CYHCJan 22, 2020

ClassCode: An Interactive Teaching and Learning Environment for Programming Education in Classrooms

arXiv:2001.08194v1
AI Analysis

This work addresses the challenge of personalized learning in programming education for students and instructors in classroom settings, though it is incremental as it builds on existing interactive online learning systems.

The authors tackled the problem of disengagement and mismatched pacing in conventional programming classrooms by developing ClassCode, a web-based environment that allows students to learn at their own pace with interactive tutorials and exercises, and provides instructors with progress reports to adjust teaching in real-time, with user evaluations confirming its potential to address these issues.
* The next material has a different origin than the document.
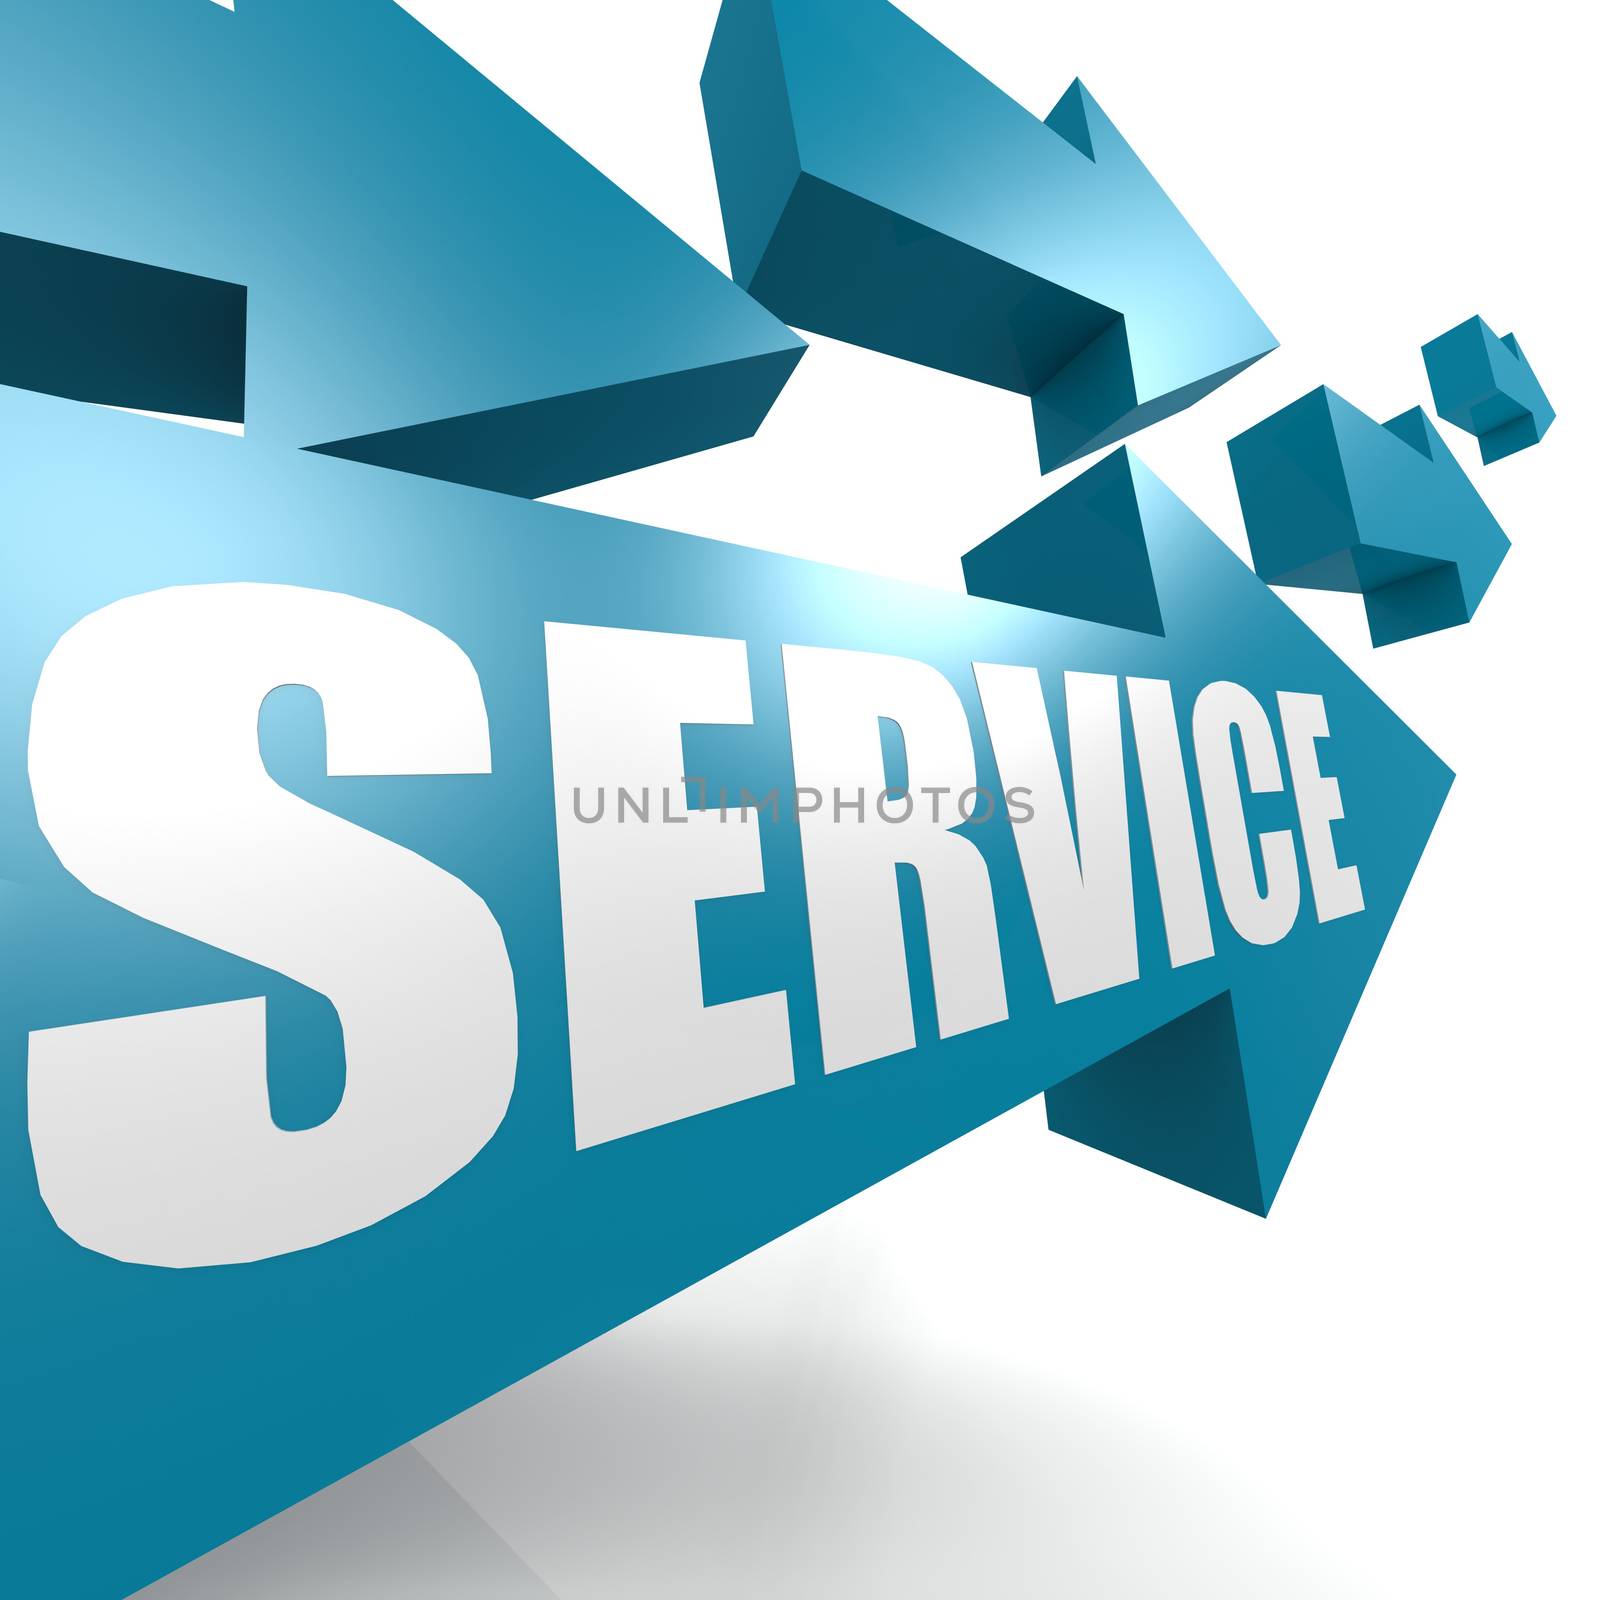 Service arrow in blue by tang90246

Programming education is becoming important as demands on computer literacy and coding skills are growing. Despite the increasing popularity of interactive online learning systems, many programming courses in schools have not changed their teaching format from the conventional classroom setting. We see two research opportunities here. Students may have diverse expertise and experience in programming. Thus, particular content and teaching speed can be disengaging for experienced students or discouraging for novice learners. In a large classroom, instructors cannot oversee the learning progress of each student, and have difficulty matching teaching materials with the comprehension level of individual students. We present ClassCode, a web-based environment tailored to programming education in classrooms. Students can take online tutorials prepared by instructors at their own pace. They can then deepen their understandings by performing interactive coding exercises interleaved within tutorials. ClassCode tracks all interactions by each student, and summarizes them to instructors. This serves as a progress report, facilitating the instructors to provide additional explanations in-situ or revise course materials. Our user evaluation through a small lecture and expert review by instructors and teaching assistants confirm the potential of ClassCode by uncovering how it could address issues in existing programming courses at universities.